本文章由计算机程序翻译，如有差异，请以英文原文为准。

查看原文本刊更多论文

Low-latency vision transformers via large-scale multi-head attention

The emergence of spontaneous symmetry breaking among a few heads of multi-head attention (MHA) across transformer blocks in classification tasks was recently demonstrated through the quantification of single-nodal performance (SNP).

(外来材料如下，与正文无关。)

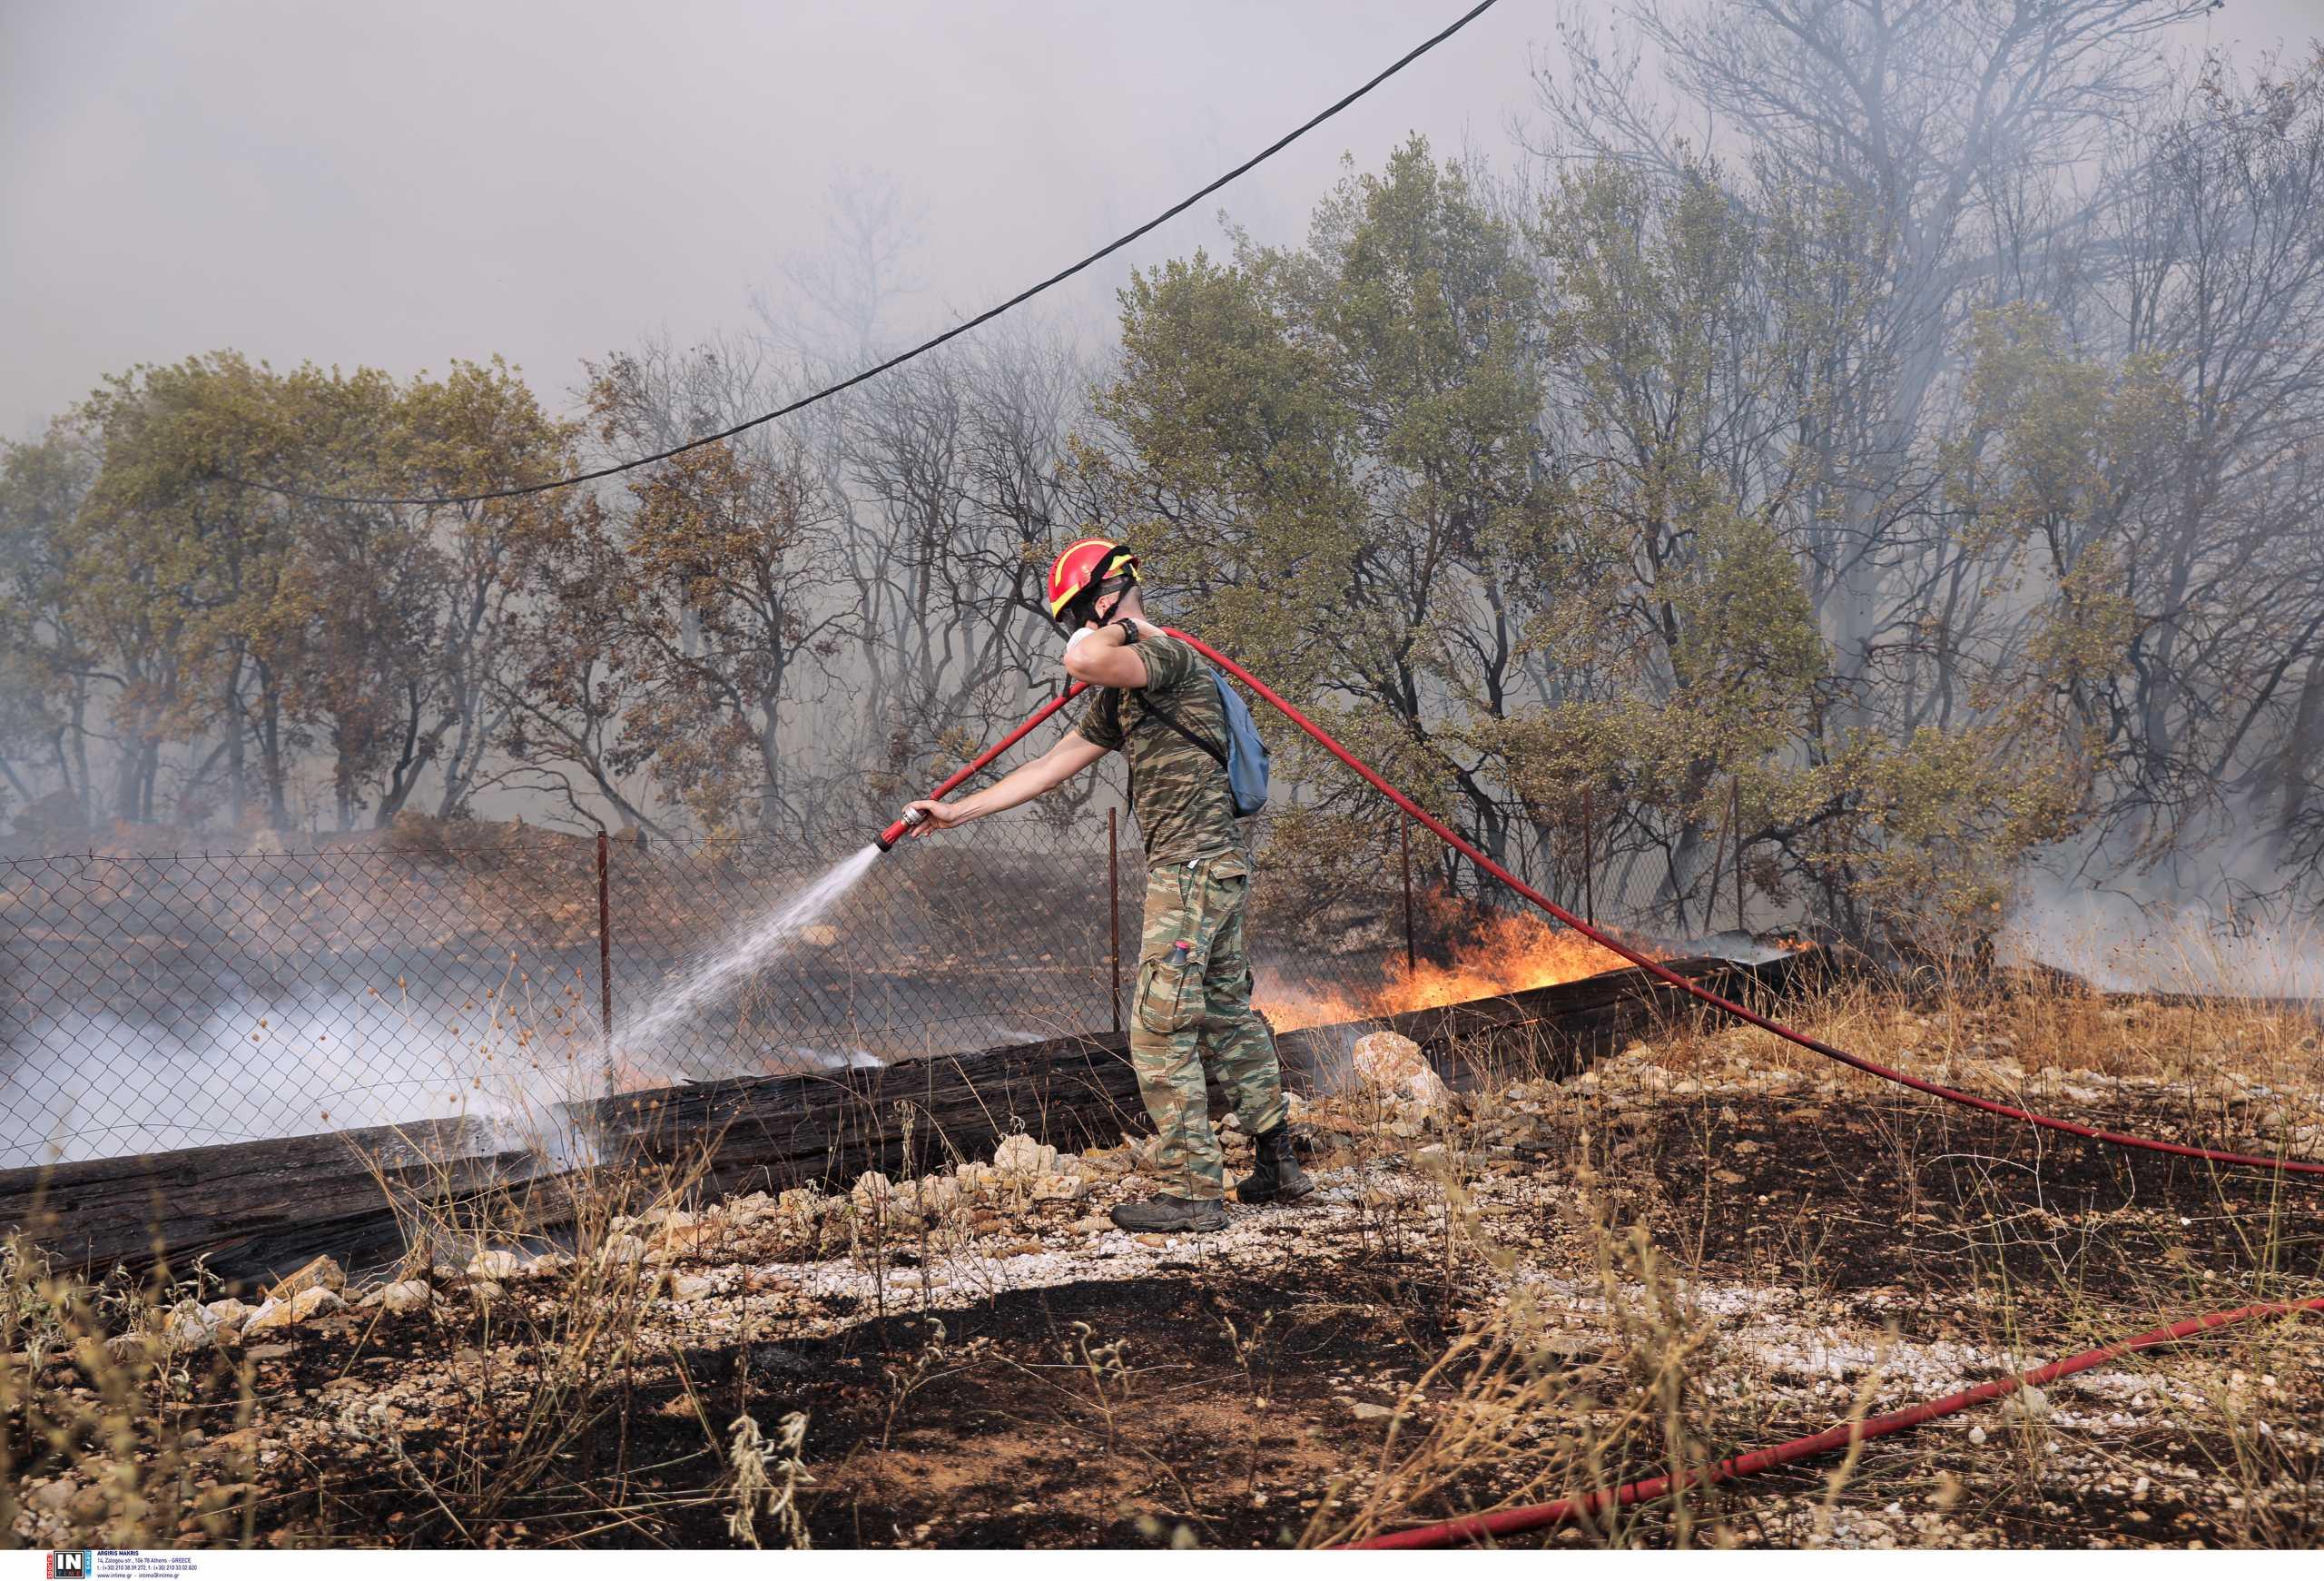 Ξάνθη: Υπό έλεγχο η φωτιά στο Ωραίο – Έγκαιρη η επέμβαση των πυροσβεστικών δυνάμεων

This finding indicates that each head focuses its attention on a subset of labels through cooperation among its SNPs. This underlying learning mechanism is generalized to large-scale MHA (LS-MHA) using a single matrix value representing single-head performance (SHP), analogous to single-filter performance in convolutional neural networks (CNNs). The results indicate that each SHP matrix comprises multiple unit clusters such that each label being explicitly recognized by a few heads with negligible noise. This leads to an increased signal-to-noise ratio (SNR) along the transformer blocks, thereby improving classification accuracy. These features give rise to several distinct vision transformer (ViT) architectures that achieve the same accuracy but differ in their LS-MHA structures. As a result, their soft committee yields superior accuracy, an outcome not typically observed in CNNs which rely on hundreds of filters. In addition, a significant reduction in latency is achieved without affecting the accuracy by replacing the initial transformer blocks with convolutional layers. This substitution accelerates early-stage learning, which is then improved by subsequent transformer layers. The extension of this learning mechanism to natural language processing tasks, based on quantitative differences between CNNs and ViT architectures, has the potential to yield new insights in deep learning. The findings are demonstrated using compact convolutional transformer architectures trained on the CIFAR-100 dataset.

求助全文

通过发布文献求助，成功后即可免费获取论文全文。去求助

来源期刊

Physica A: Statistical Mechanics and its Applications 物理-物理：综合

CiteScore

7.20

自引率

9.10%

发文量

852

审稿时长

6.6 months

期刊介绍： Physica A: Statistical Mechanics and its Applications Recognized by the European Physical Society Physica A publishes research in the field of statistical mechanics and its applications. Statistical mechanics sets out to explain the behaviour of macroscopic systems by studying the statistical properties of their microscopic constituents. Applications of the techniques of statistical mechanics are widespread, and include: applications to physical systems such as solids, liquids and gases; applications to chemical and biological systems (colloids, interfaces, complex fluids, polymers and biopolymers, cell physics); and other interdisciplinary applications to for instance biological, economical and sociological systems.